On July 29, a federal appeals court ruled that individual genes may be patented, overturning a lower court decision that had reached the opposite conclusion. The case centered on the question of whether genes were inherently products of nature. In its ruling, the court found that genes were isolated DNA, having “been manipulated chemically so as to produce a molecule that is markedly different from that which exists in the body,” thus making them unique from “naturally-occurring” DNA.
The case revolved around patents held by Myriad Inc. for the BRCA1 and BRCA2 genes that are often mutated in breast cancer. The plaintiffs in the case, which included several researchers and the American Civil Liberties Union, challenged the right of the company to hold exclusive rights to what they felt were products of nature. While upholding the right of companies to patent individual genes, the appeals court actually invalidated Myriad’s BRCA patents, stating that the patents… “are directed to the abstract mental processes of comparing two nucleotide sequences” and therefore unpatentable.
The ruling reaffirms the judicial standard regarding gene patenting that had, until last year, held since 1980, when the first gene patents were approved by the Supreme Court.
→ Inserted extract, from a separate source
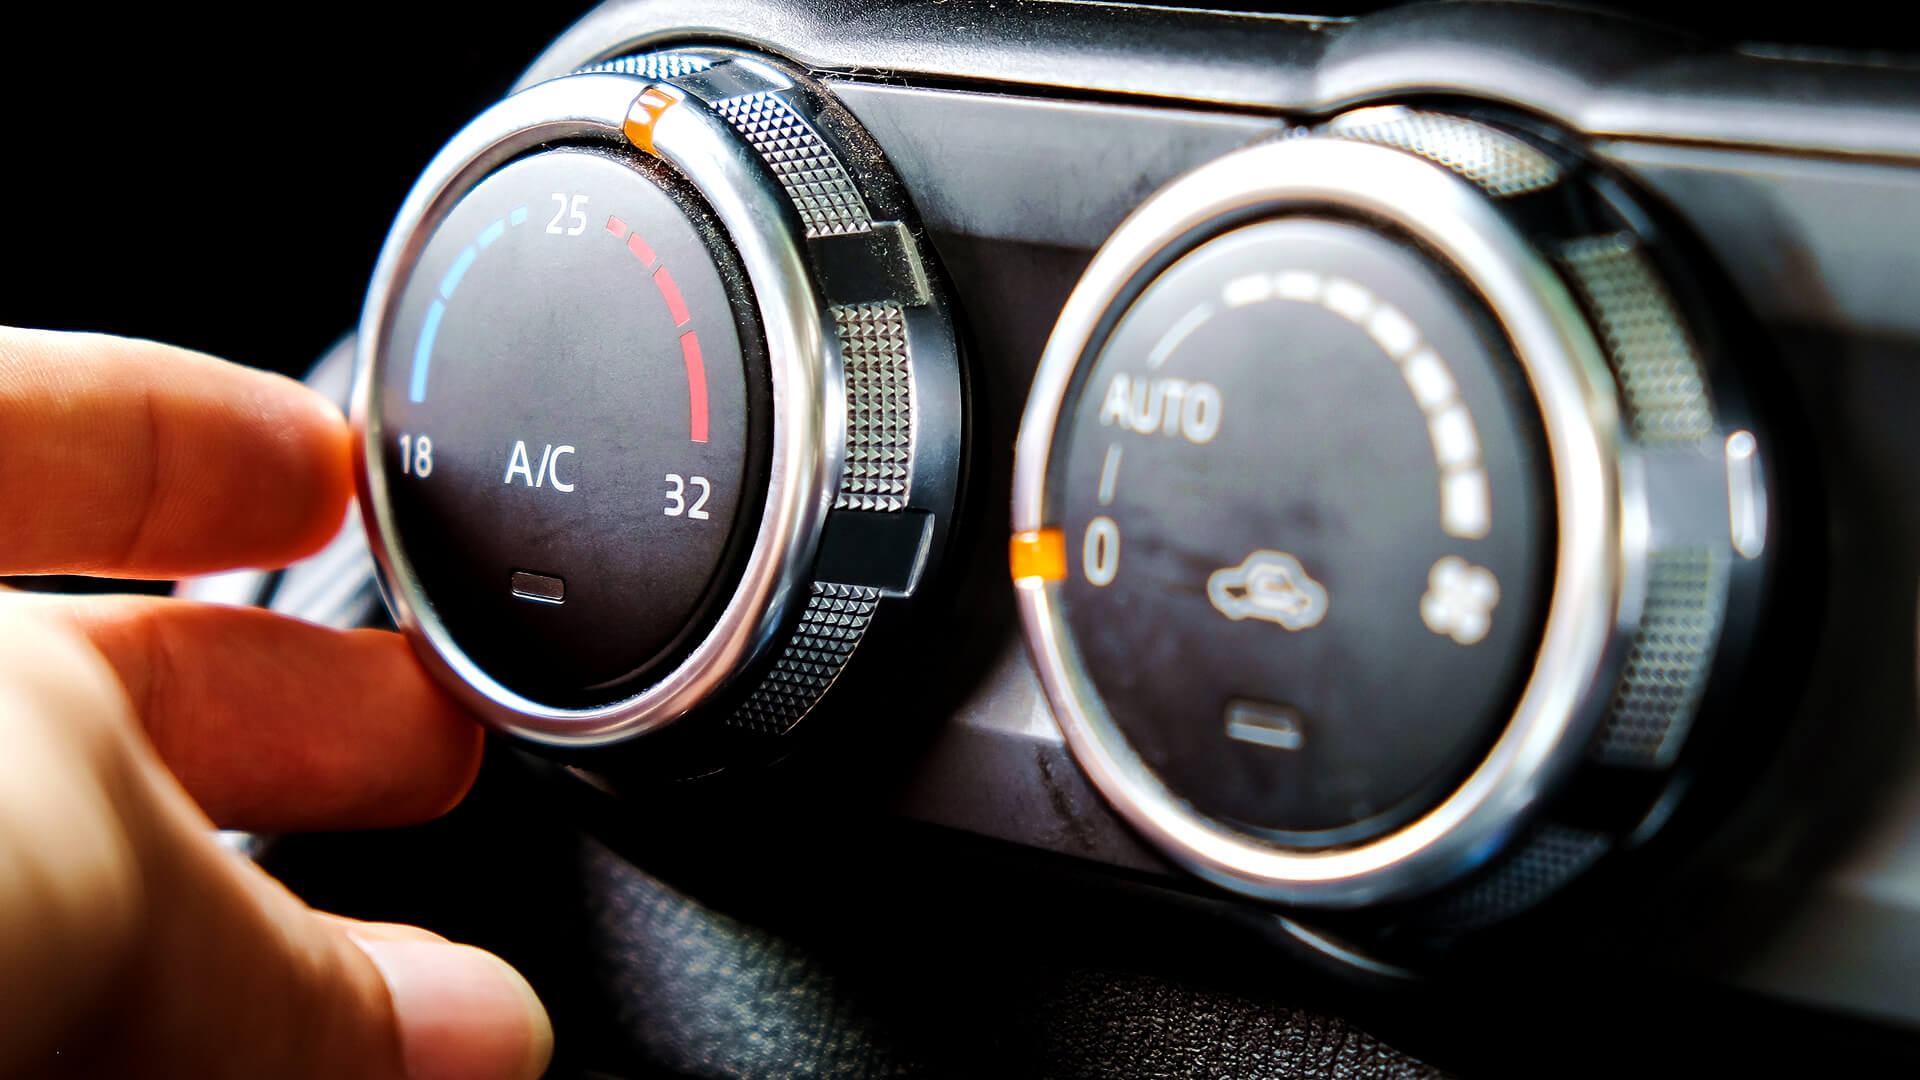 Lekker als je zelf de temperatuur in de auto kunt bepalen!

The U.S. Department of Justice upset this standard by filing a brief last fall in support of the plaintiffs in the case, thus awkwardly pitting the administration against the U.S. Patent and Trademark Office. The current ruling restored the previous standard, stating that “an entire industry [had] developed in the decades since the Patent Office first granted patents to isolated DNA,” and warning that “disturbing the biotechnology industry’s settled expectations now risks impeding, not promoting, innovation.”
An appeal to the Supreme Court is likely. ASBMB will continue to monitor the case.